The earthquake-affected north of Japan is home is home to factories belonging to several carmakers, including Toyota. Damage to the area makes supply shortages a possibility. In all, the company produces about two-fifths of its vehicles in Japan and exports more than half of them. Predictably, the price of its shares, and rival Honda’s, have fallen 16 per cent and 13 per cent respectively since the quake struck. Across Japan, many supply chains are in shock. About one-fifth of Japanese steel production capacity has been affected, and disruption to the production of component parts (including computer chips, touch screens, and semiconductor equipment) is certain.
As long as power remains inconsistent and transport links are broken, supply chain disruptions will hurt Japanese companies. But their customers around the globe should not panic just yet. Even if some dealerships, for example, experience shortages, in most cases plenty of other underutilised manufacturers are keen to fill the gap.
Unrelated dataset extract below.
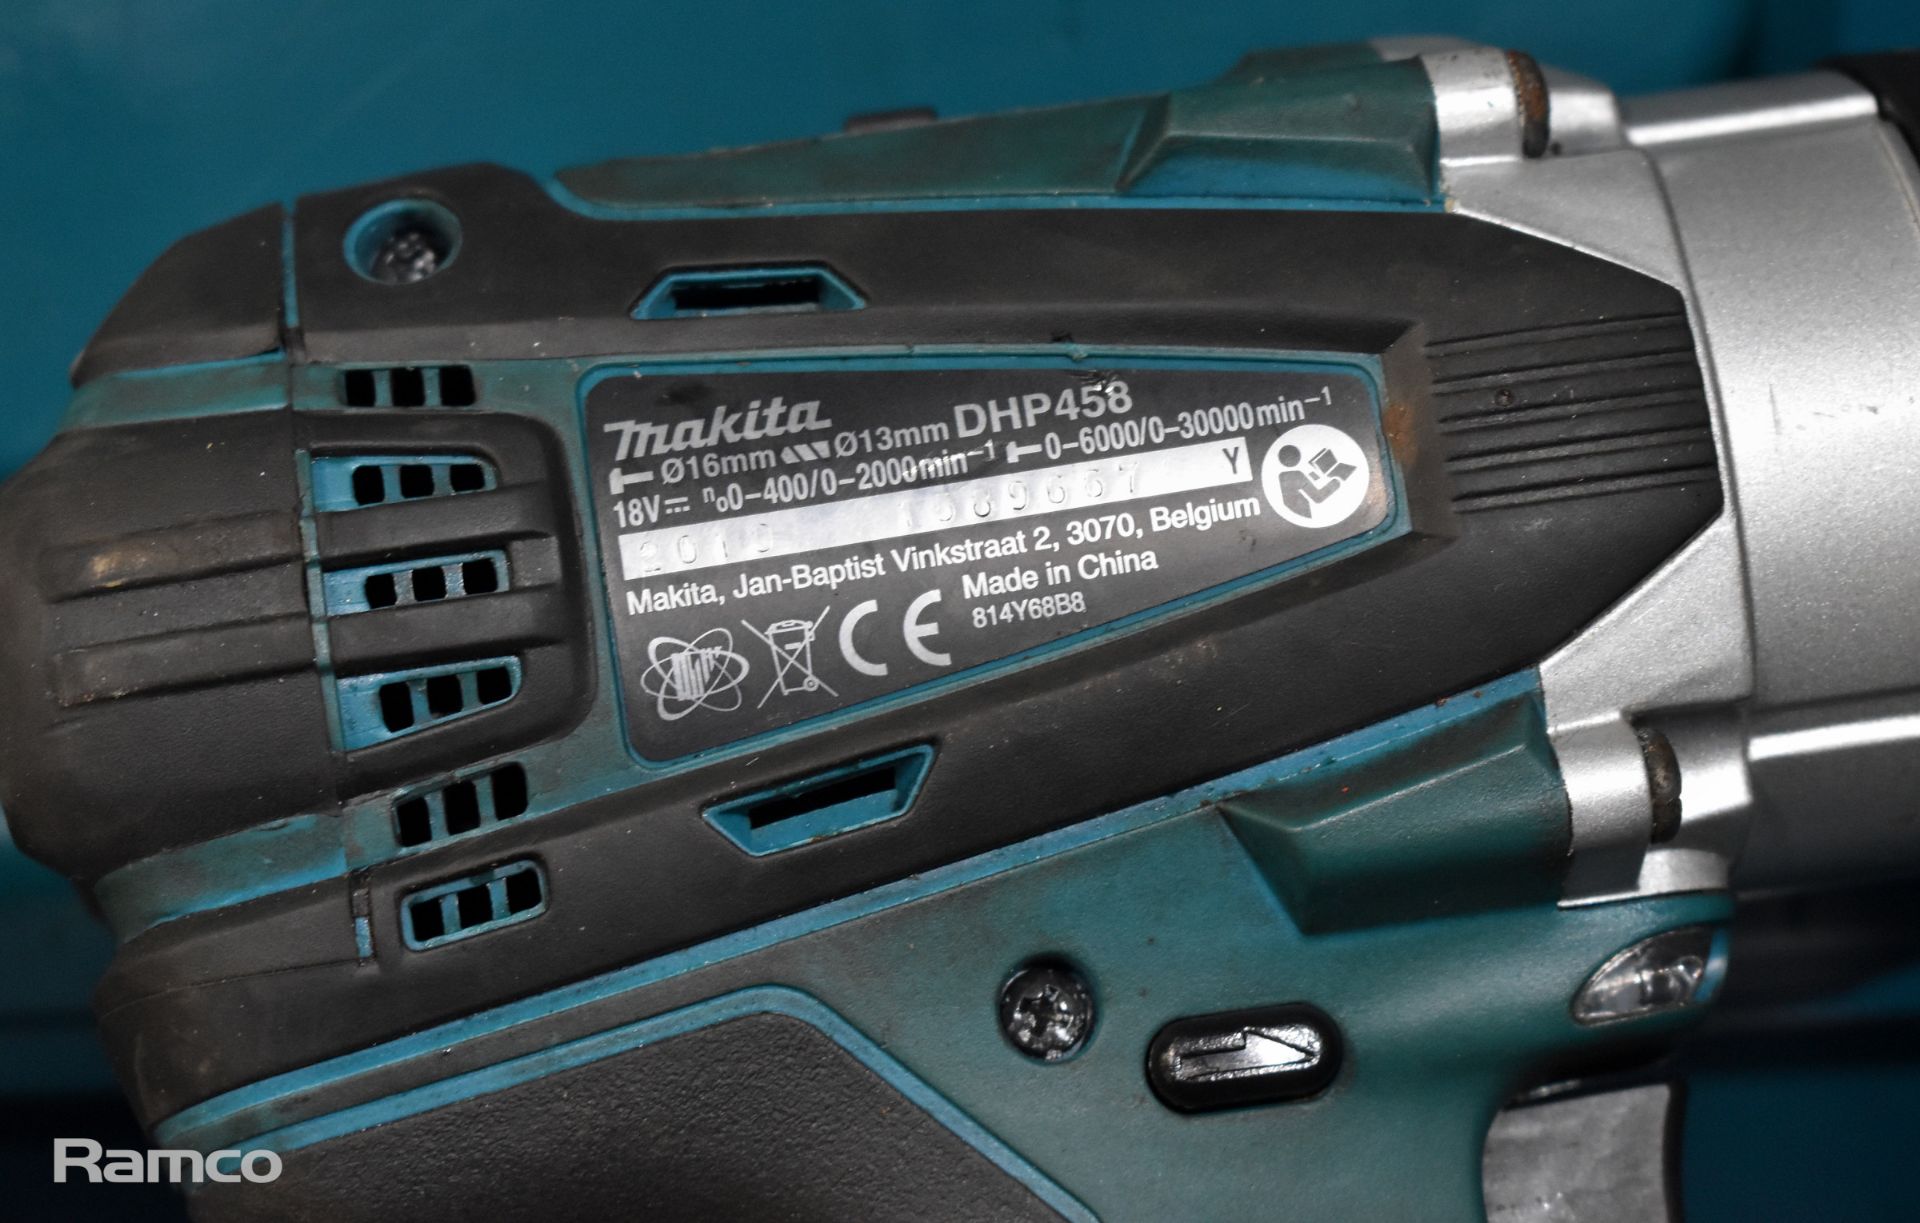 Makita DHP458 cordless drill with DC18RC battery charger, drill handle and storage case - Image 3 of 6

For corporate purchasers of Japanese stuff, the timing of the earthquake could have been worse. Inventory levels, which provide a buffer against stock shortages, have now normalised after the crisis-inspired inventory-burn, so gaps of a few weeks are mostly tolerable. TSMC of Taiwan, the world’s largest maker of semiconductors, relies on Japanese parts but holds a 30-day stockpile of key materials. If the tragedy had struck last year when inventory was being rebuilt, a supply shock would have been more disruptive.